The VHH does not require post-translational modifications, so the production of these recombinant VHH is an alternative to monoclonal antibodies for therapeutic use, and they are also very economical and of minimal size with tiny stable molecules43. The nanobodies of camelids have become very popular in cancer treatment since they have a more significant advantage than conventional antibodies44,45. While conventional antibodies are difficult to penetrate and expensive large-scale production, camelid antibodies are more minor, very soluble, stable, easier, and cheaper to produce46.
Studies conducted in mice already show that nanobodies counteract specific tumors in these rodents. Also, these nanobodies have been used in other treatments against life-threatening diseases. More than 85% of human cancers are solid tumours47. In most solid tumors, the necessary first step is to access sufficient amounts of the therapeutic antibody to various tumor regions to obtain a maximal therapeutic effect48. The transfer of macromolecules in tumors is mainly by diffusion, and the speed of diffusion through tumors is inversely proportional to molecular size. In agreement with this, small antibody fragments penetrate the solid tumors more efficiently than the whole antibody molecule49.
Furthermore, to be effective for cancer treatments, nanobodies are also attractive therapeutic options for disorders such as Alzheimer's and Parkinson's diseases since they can prevent protein aggregation and, even more interesting, clear the already existing aggregates50. To increase target-to-background signal ratios for high detection sensitivities in imaging and reduce non-specific toxic effects of antibody conjugates, the unbound antibodies should be cleared rapidly from the non-target organs51. When compared to the whole antibody molecule, the small antibody fragments have a faster clearance rate30. The main differences between conventional nanobodies and camelid nanobodies are summarized in table 1.

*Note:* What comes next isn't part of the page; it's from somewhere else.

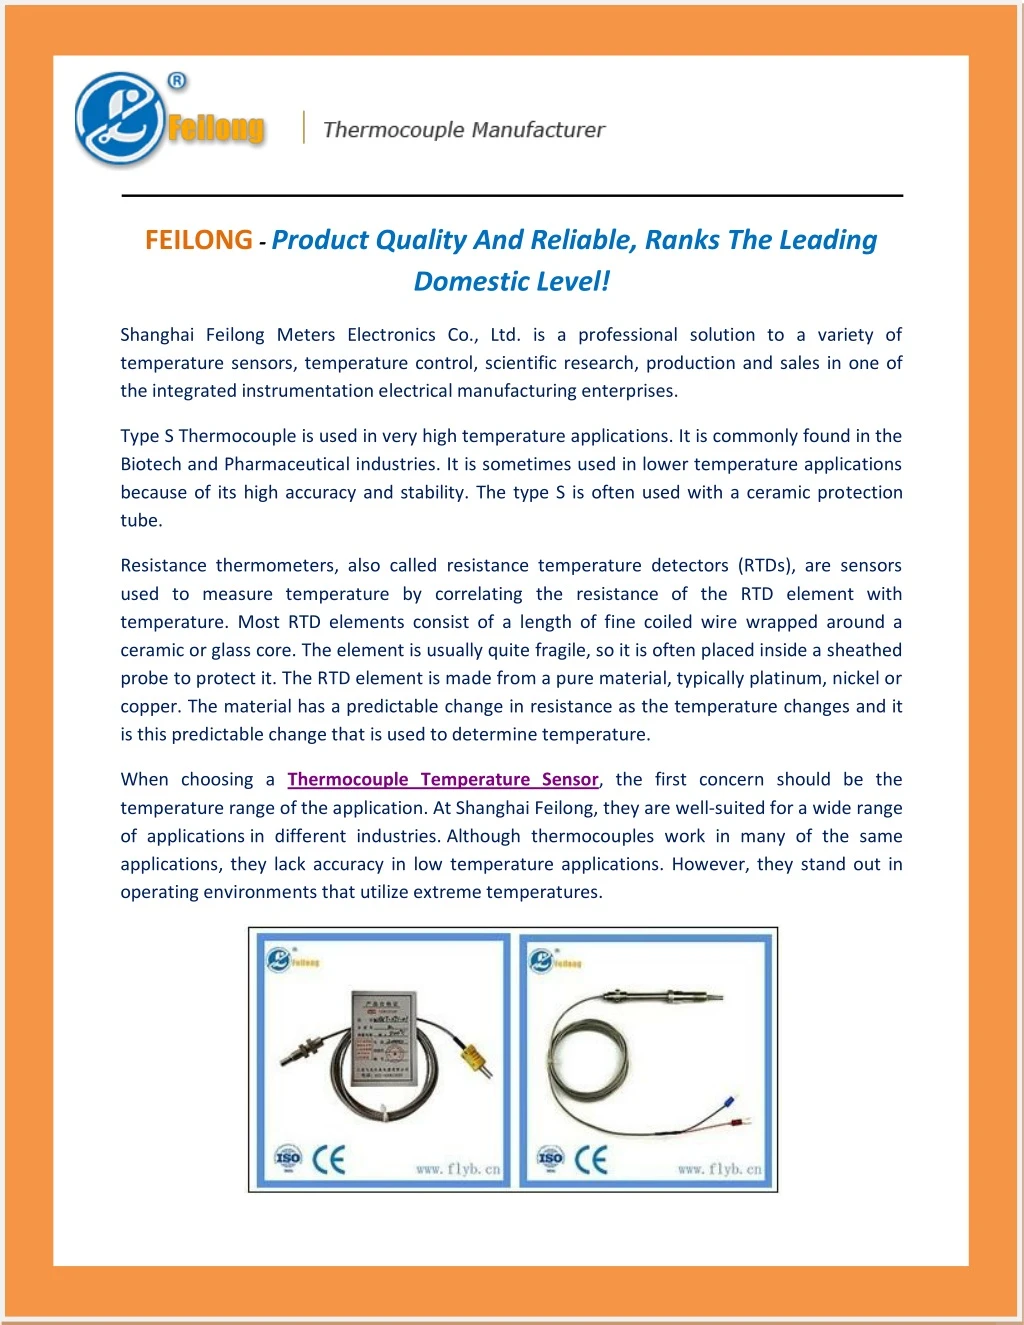 feilong product quality and reliable ranks

Table 1. Table of main differences between conventional nanobodies and camelid nanobodies
Furthermore, a recent study shows that single-domain antibodies (VHHs) were isolated from a llama immunized with prefusion-stabilized coronavirus spikes. These VHHs neutralize MERS-CoV and SARS-CoV-1 S pseudotyped viruses. The findings provide a molecular basis for VHHs' ability to neutralize pathogenic beta coronaviruses, implying that these molecules could be effective therapeutics during coronavirus outbreaks10. A summary of this application is in figure 4.
Figure 4. General graphic of single-domain antibodies (VHHs) application in SARS-CoV-2, based on Daniel Wrapp et al., 2020. The schematic representation shows the identified neutralizing cross-reactive single-domain camelid antibodies in llamas immunized with prefusion-stabilized betacoronavirus spike proteins, which may serve as valuable reagents for researchers studying the viruses that cause MERS, SARS, and COVID-1910.
Another study reported by Xiang et al.55 identified a vast repertoire of extremely powerful neutralizing nanobodies (Nbs) to the SARS-CoV-2 spike (S) protein receptor-binding domain (RBD) using camelid immunization and proteomics. They found Nbs that blocked viral infection with picomolar to femtomolar affinity and determined the structure of one of the most potent complexes with RBD. They created multivalent Nb constructs with ultrahigh neutralizing potency (IC50s as low as 0.058 ng/mL) and mutational escape resistance.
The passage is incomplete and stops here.